This project demonstrates how to implement a simple RNN (Recurrent Neural Network) for text generation using TensorFlow and Keras. The model takes a seed text as input and generates new text based on the patterns it has learned during training.
- Getting Started
- Dataset
- Model
- Training
- Text Generation
- Testing
- Improvements
You'll need Python and the following packages installed:
pip install numpy
pip install tensorflow
For this example, we'll use a simple dataset containing one paragraph of text. You can replace this with a larger dataset to achieve better results.
text = "I love machine learning. It is breathtaking! Deep learning and natural language processing are pretty phenomenal."
We'll create a simple RNN model using Keras, a high-level neural networks API that works on top of TensorFlow. The model consists of an input layer, a single LSTM layer, and a dense output layer with a softmax activation function.
model = Sequential()
model.add(LSTM(units, input_shape=(sequence_length, 1)))
model.add(Dense(len(chars), activation="softmax"))
model.compile(loss="categorical_crossentropy", optimizer="adam")
We train the model on the dataset, using a sliding window approach to create input-output pairs from the text. The model learns to predict the next character in the sequence, given the previous characters.
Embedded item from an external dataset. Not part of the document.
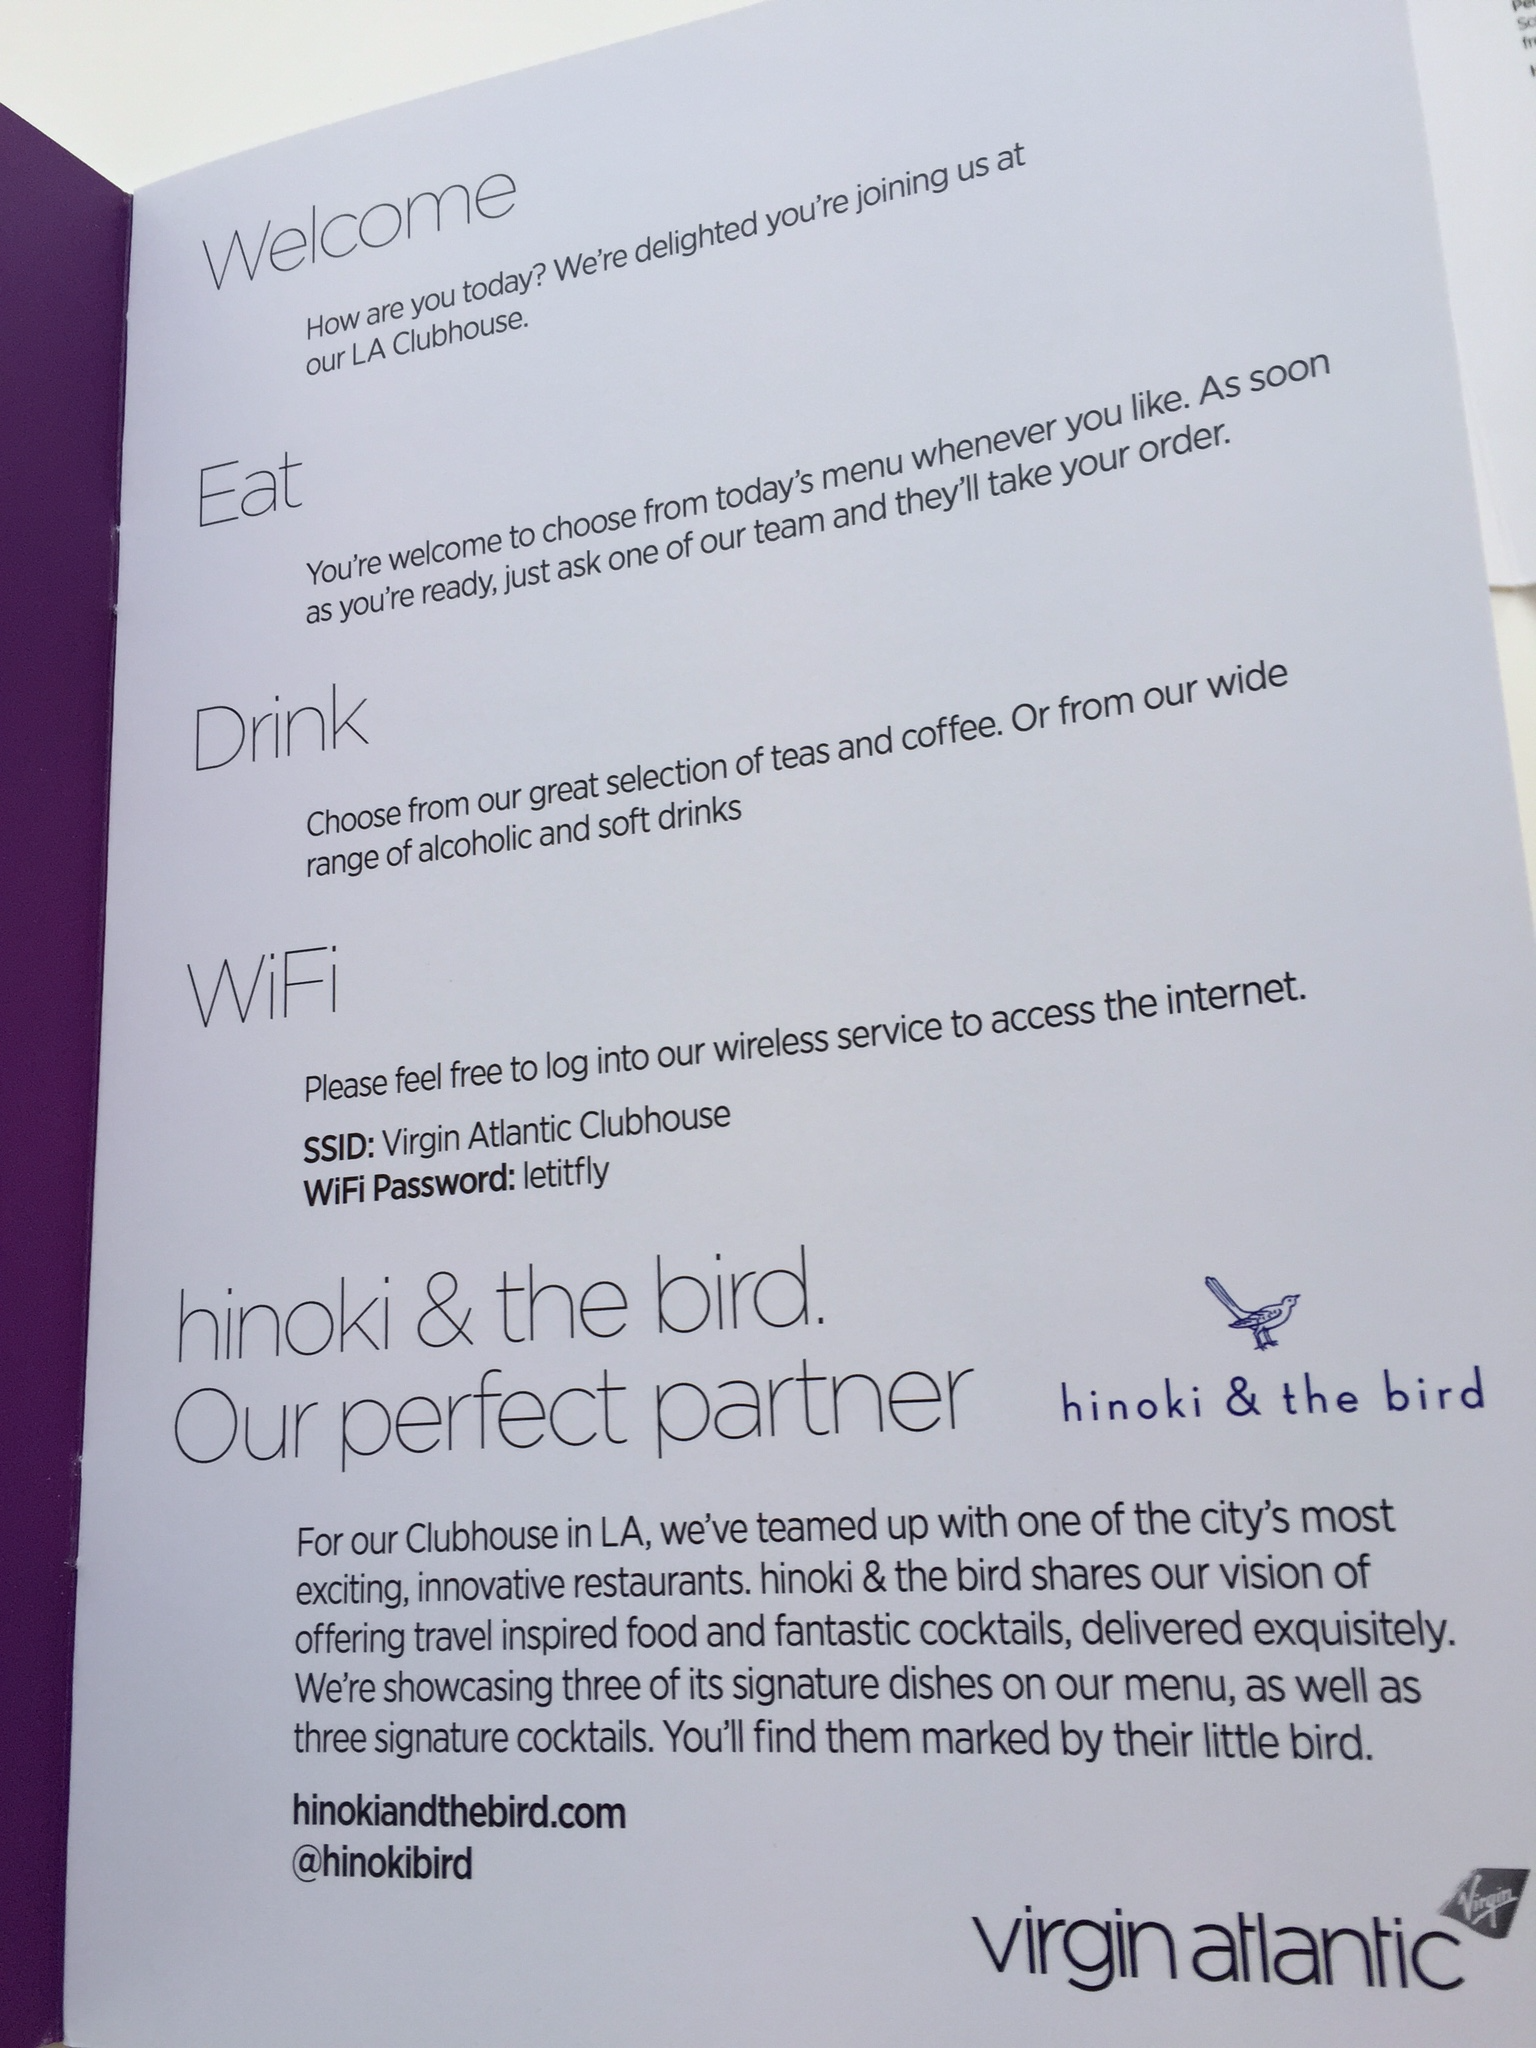 Virgin Atlantic Clubhouse LAX menu introduction

for epoch in range(epochs):
for i in range(len(input_sequences)):
input_seq = input_sequences[i]
output_char = output_chars[i]
model.fit(input_seq, output_char, epochs=1, batch_size=1, verbose=2)
After training, we can generate new text using the generate_text function. The function takes a seed text and generates a specified number of characters based on the seed text and the learned patterns.
seed_text = "I love mach"
generated_text = generate_text(seed_text, 50)
print("Generated text:", generated_text)
To ensure our code is working as expected, we can create a simple unit test that checks if the length of the generated text is equal to the specified number of characters.
def test_generate_text():
seed_text = "I love mach"
num_chars = 50
generated_text = generate_text(seed_text, num_chars)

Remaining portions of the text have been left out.